По обычаю духовенства, Михаил Васильевич Соловьев записал своего восьмилетнего сына Сергея в духовное училище, с правом учиться дома и являться только на экзамены. Он сам учил мальчика Закону Божию и древним языкам, а для обучения другим предметам посылал его в коммерческое училище, где в те времена преподавание не отличалось большим блеском. Отец не имел времени аккуратно заниматься с сыном, а потому по большей части ограничивался тем, что приказывал выучить наизусть такие-то склонения и спряжения из латинской грамматики, и только раз или два в несколько недель успевал проверить познания своего сына. Понятно, что мальчику, обладавшему пылкой фантазией, было очень тяжело механически, почти без всякого руководства заучивать латинские вокабулы, в то время как он постоянно жил в области мечты, вместе с Муцием Сцеволой клал руки на уголья или с Колумбом открывал Америку. Мальчик каждый день держал перед собой латинскую грамматику по нескольку часов, но обыкновенно вкладывал в нее другую книгу, какой-нибудь роман, и результатом было то, что, когда отец начинал спрашивать его, он отвечал плохо и совершенно неудовлетворительно сдавал экзамены в духовном училище. Поездки в Петровский монастырь, где помещалось духовное училище, Сергей Михайлович причислял к самым бедственным событиям в своей отроческой жизни: неопрятный вид учеников, грязные и грубые до зверства учителя возбуждали сильное отвращение в мальчике, привыкшем к домашней жизни. Один из учеников сделал однажды какую-то довольно невинную шалость, к нему подскочил преподаватель, вырвал у него целый клок волос и торжественно положил их на стол. Такие сцены, естественно, вселяли в мальчика страх к духовному образованию, потому что он был немало наслышан о грубости семинарских нравов и вообще не чувствовал ни малейшей склонности к духовному званию. Под влиянием матери, принадлежавшей к светскому сословию, а также из-за неудовлетворительно сданных экзаменов М. В. Соловьев после некоторого колебания решил выписать сына Сергея из духовного звания.
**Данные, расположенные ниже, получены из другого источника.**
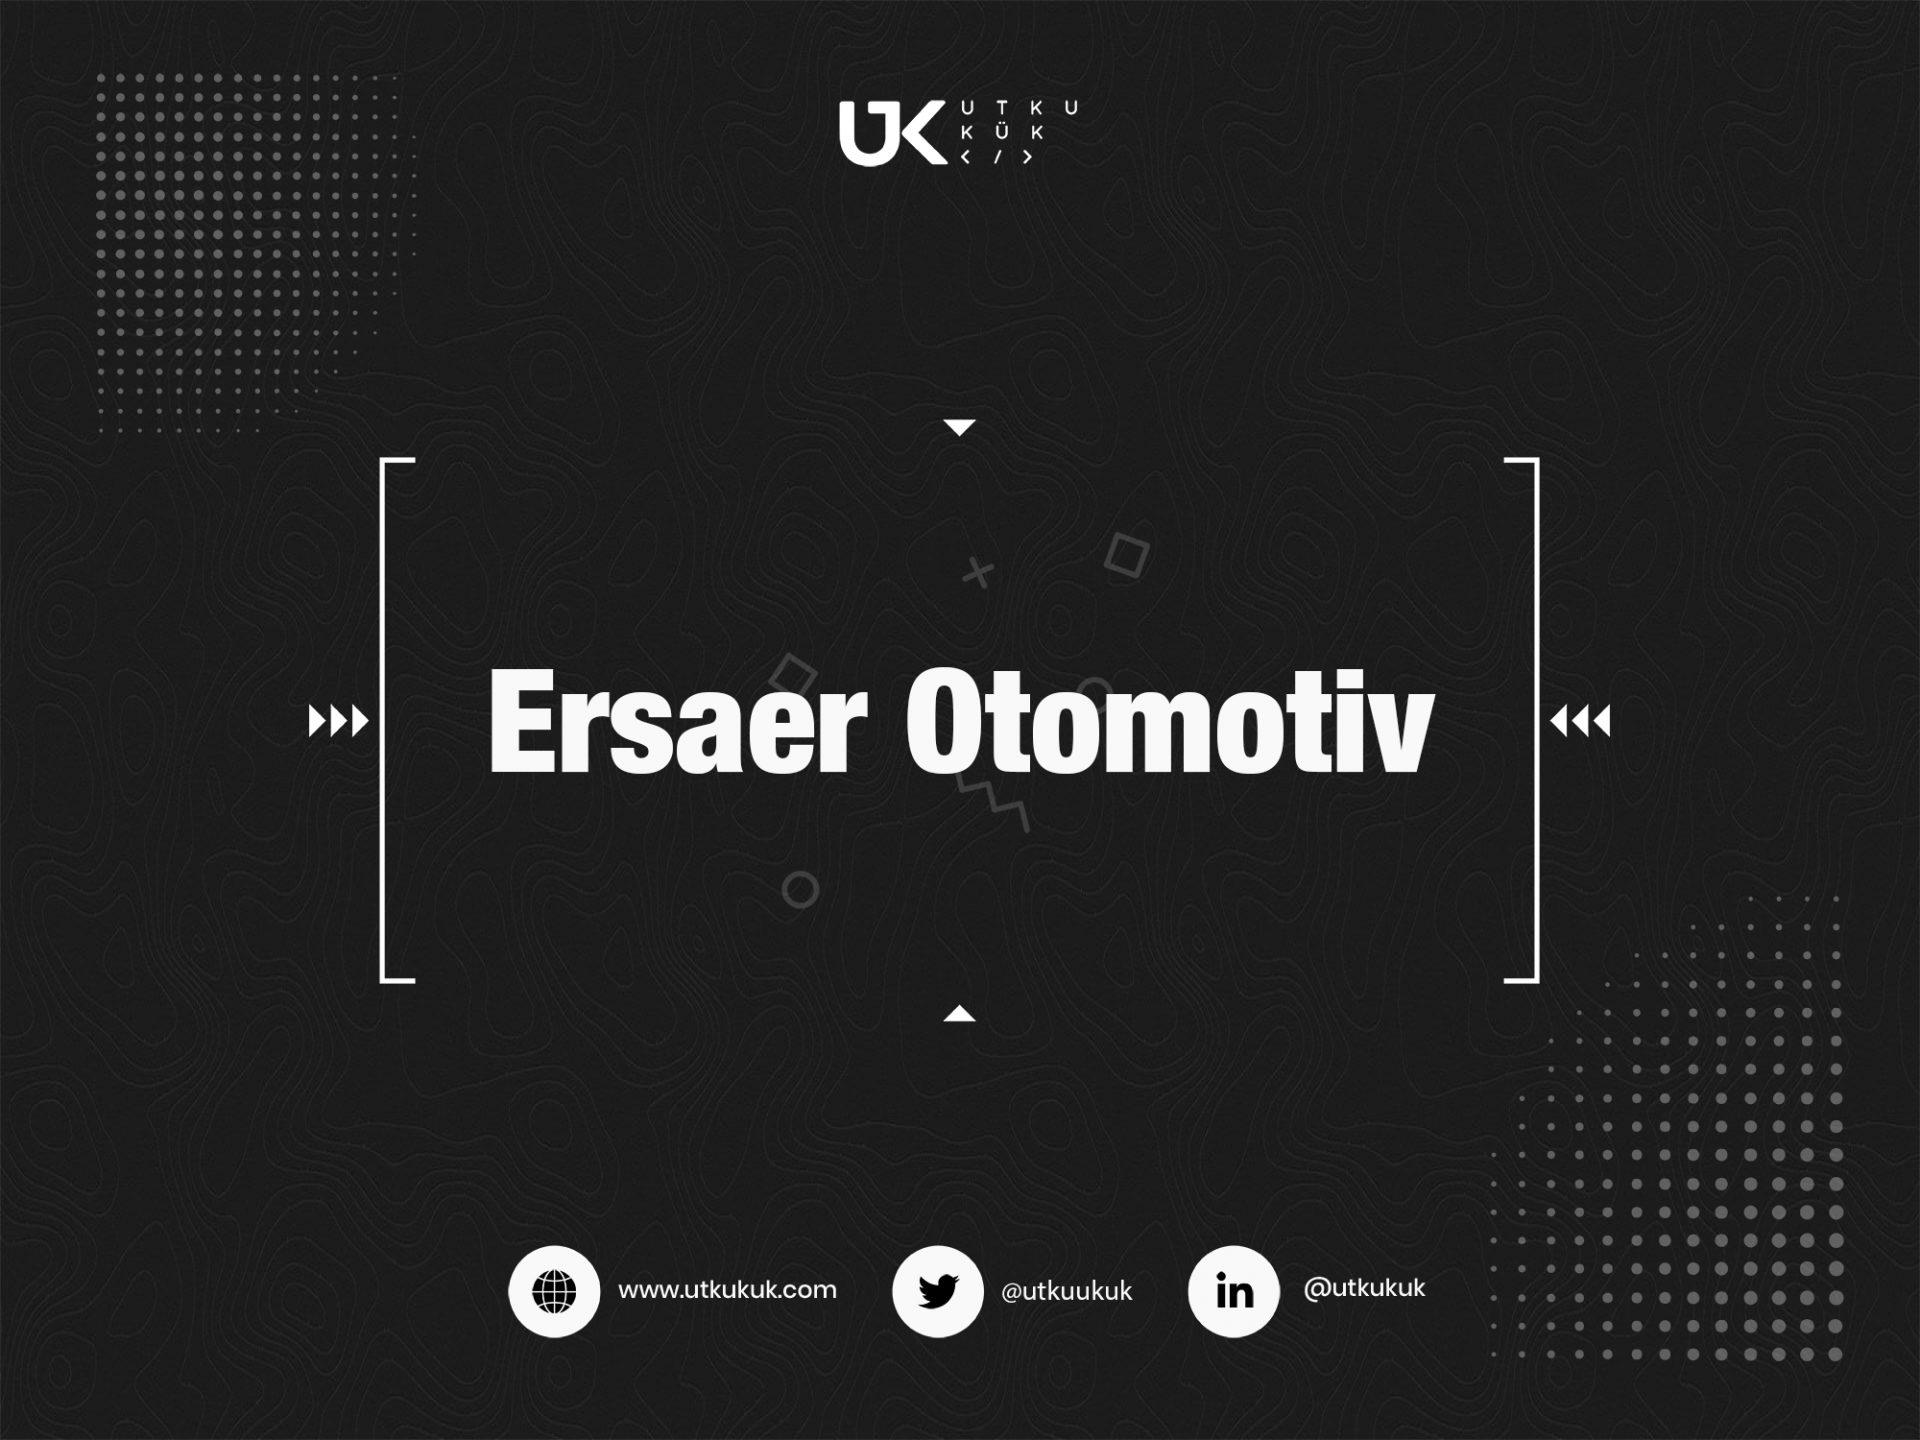 Ersaer Otomotiv

Тринадцати лет поступил он в третий класс Первой московской гимназии. Директором был Окулов, добрый и милый человек, очень любезный, славившийся в обществе своим искусством рассказывать анекдоты, и в то же время известный своим мотовством; он держал много пансионеров и не занимался делами, предоставляя их инспектору Белякову. Это был человек неглупый, распорядительный, но желчный и грубый, часто кричавший на учеников и бранившийся… Порядок в младших классах, где было до ста учеников, оставлял желать много лучшего: на передней лавке ученики еще кое-что слушали, на средних разговаривали, на задних спали или играли в карты. Дисциплина установилась только с назначением попечителем Московского округа графа Строганова вместо князя Голицына, когда инспектором стал вместо Белякова учитель математики Погорельский·– человек ловкий, деятельный, самолюбивый, желавший угодить попечителю и потому следивший за порядком. Он сменил учителей, не хотевших ничего знать, кроме учебника, или просто “без царя в голове”.
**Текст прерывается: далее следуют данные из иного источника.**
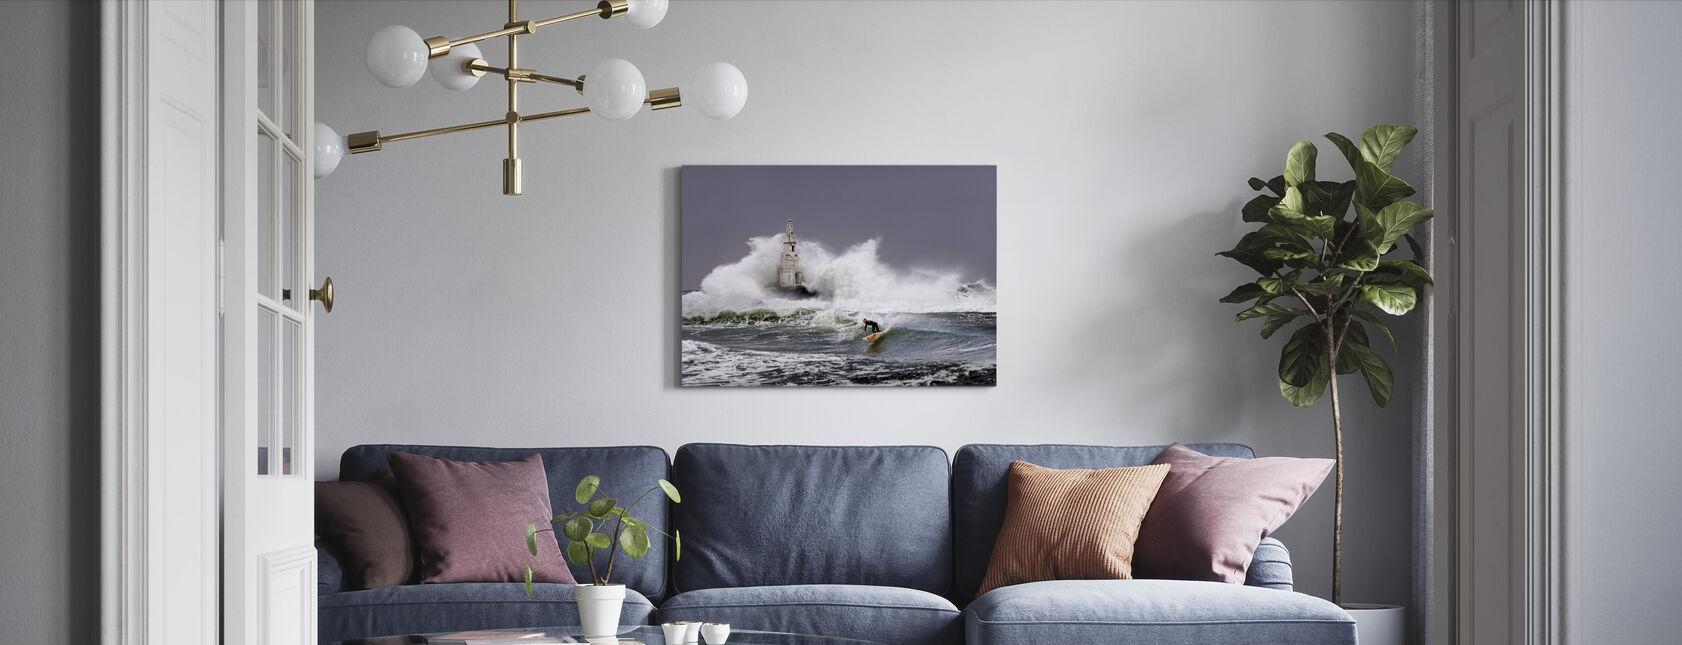 Leuchtturm Surfer - Leinwandbild - Wohnzimmer

Соловьев учился хорошо по всем предметам, кроме математики, к которой чувствовал природную антипатию, усиливавшуюся еще оттого, что в третьем классе был учителем некто Волков, большой педант и человек довольно грубый. Он, например, обращался к мальчику с такими словами: “Дурак ты, Соловьев! Уравнения второй степени решить не можешь! Жаль мне твоего отца: отец твой – хороший человек, а ты – дурак!”
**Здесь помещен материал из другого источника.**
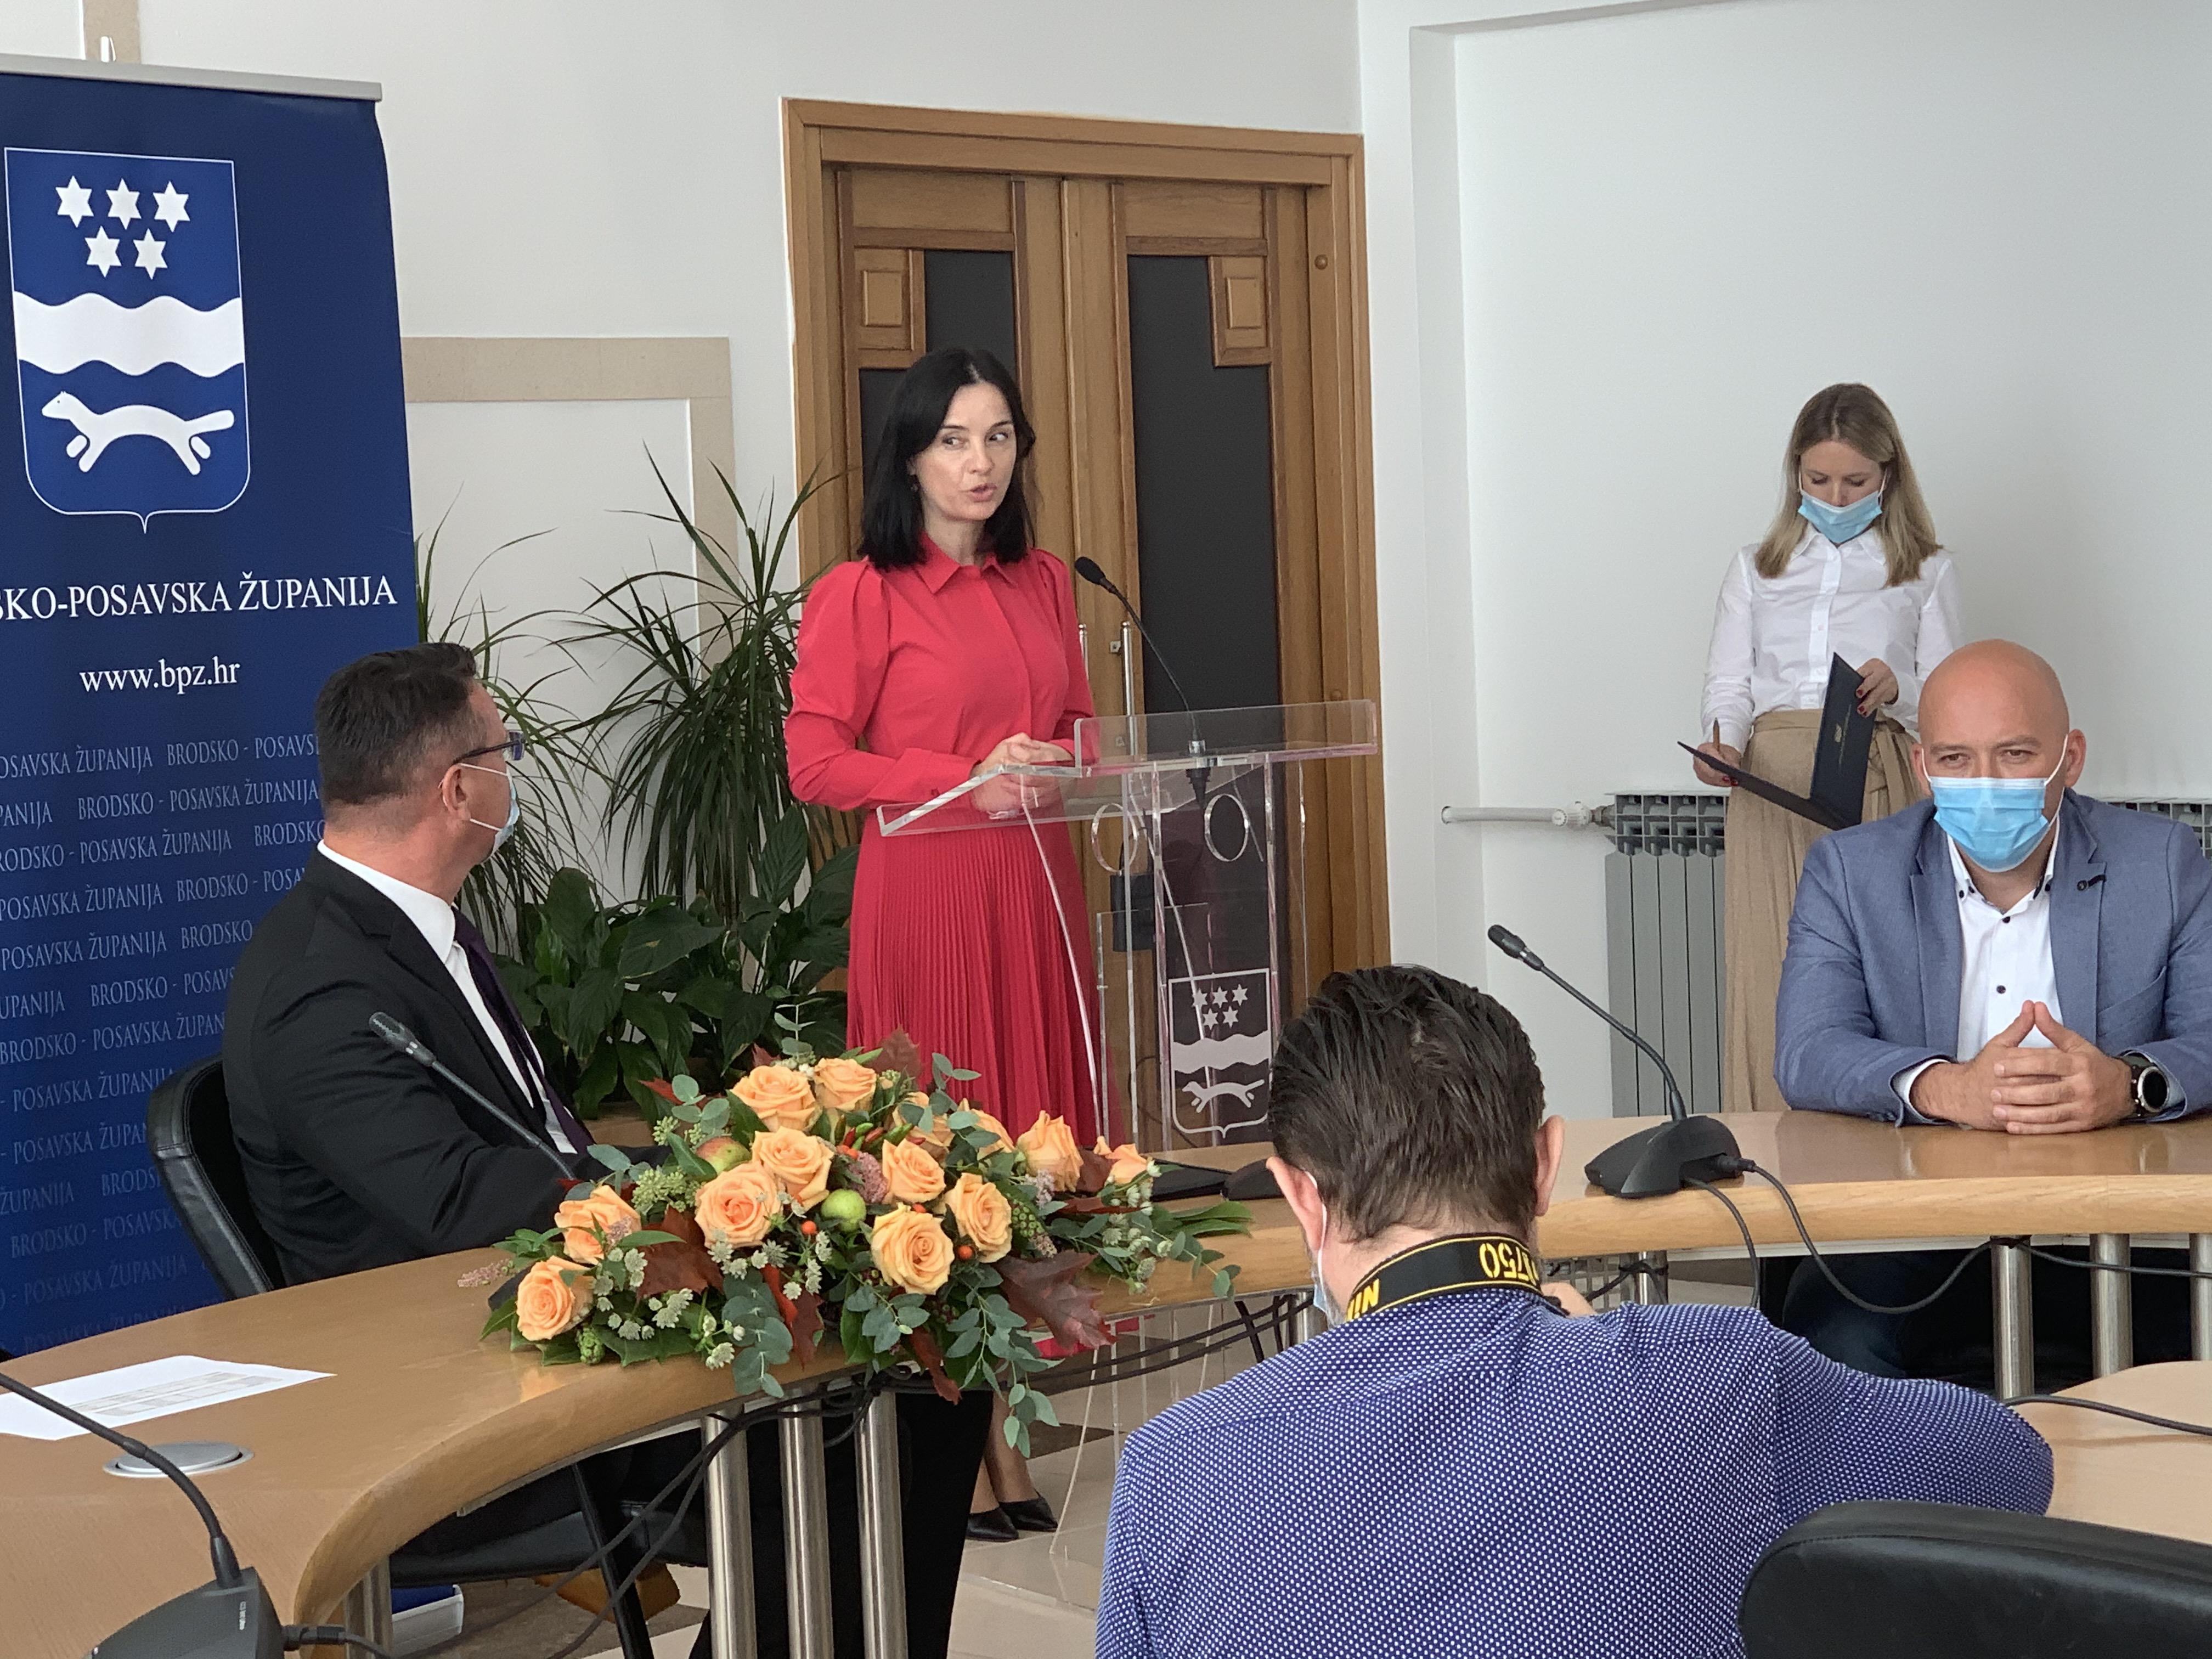 Novih 9,4 milijuna kuna iz PRR-a za ulaganje u tovno govedarstvo u Slavoniji

Однако летом Соловьев наверстал упущенное, отец взял ему учителя, и осенью он блистательно выдержал экзамен, так что перешел в четвертый класс первым учеником по всем предметам. Первым, кто подметил выдающиеся способности Соловьева, был Попов, преподававший русский язык и словесность, начиная с четвертого класса. Он умел возбудить в учениках охоту к занятиям, прекрасно разбирал классические произведения литературы и ученические сочинения и на этих разборах не только выучивал правильно писать, но и выявлял таланты, у кого они были. На уроках логики и риторики Соловьев, заинтересованный предметом, не мог удержаться, чтобы не высказывать вслух своих мыслей. Попов не сердился на такое “неприличное” поведение, и беседа выходила очень живой и поучительной. Сочинения Соловьева своими достоинствами выделялись среди прочих ученических работ, хотя он часто уклонялся в сторону, не исполняя заданной темы, – вместо описания памятника Минину и Пожарскому предавался историческим воспоминаниям и пренебрегал риторическими формами, считавшимися тогда обязательными. Попов журил ученика за отступления от риторики, но тем не менее во время одной товарищеской беседы с учителем Красильниковым увлекся до того, что сказал ему: “Ведь Соловьев просто гений!” Красильников возразил на это: “Полно, полно, Павел Михайлович! Как это может быть; положим, что Соловьев – мальчик умный, с большими способностями, но может ли это быть, чтобы у нас в гимназии завелся гений?” Хотя не все относились к Соловьеву с таким восторгом, как Попов, но все учителя признавали в нем большие способности и любили его за отличное учение и примерное поведение. Сергей Михайлович всегда с удовольствием вспоминал о времени, проведенном в гимназии; легко, весело ему было с узлом книг отправляться в школу, зная, что там встретит его ласковый прием; приятно было ему чувствовать, что он значит что-то; приятно было, войдя в класс, направлять шаги к первому месту, остававшемуся всегда за ним.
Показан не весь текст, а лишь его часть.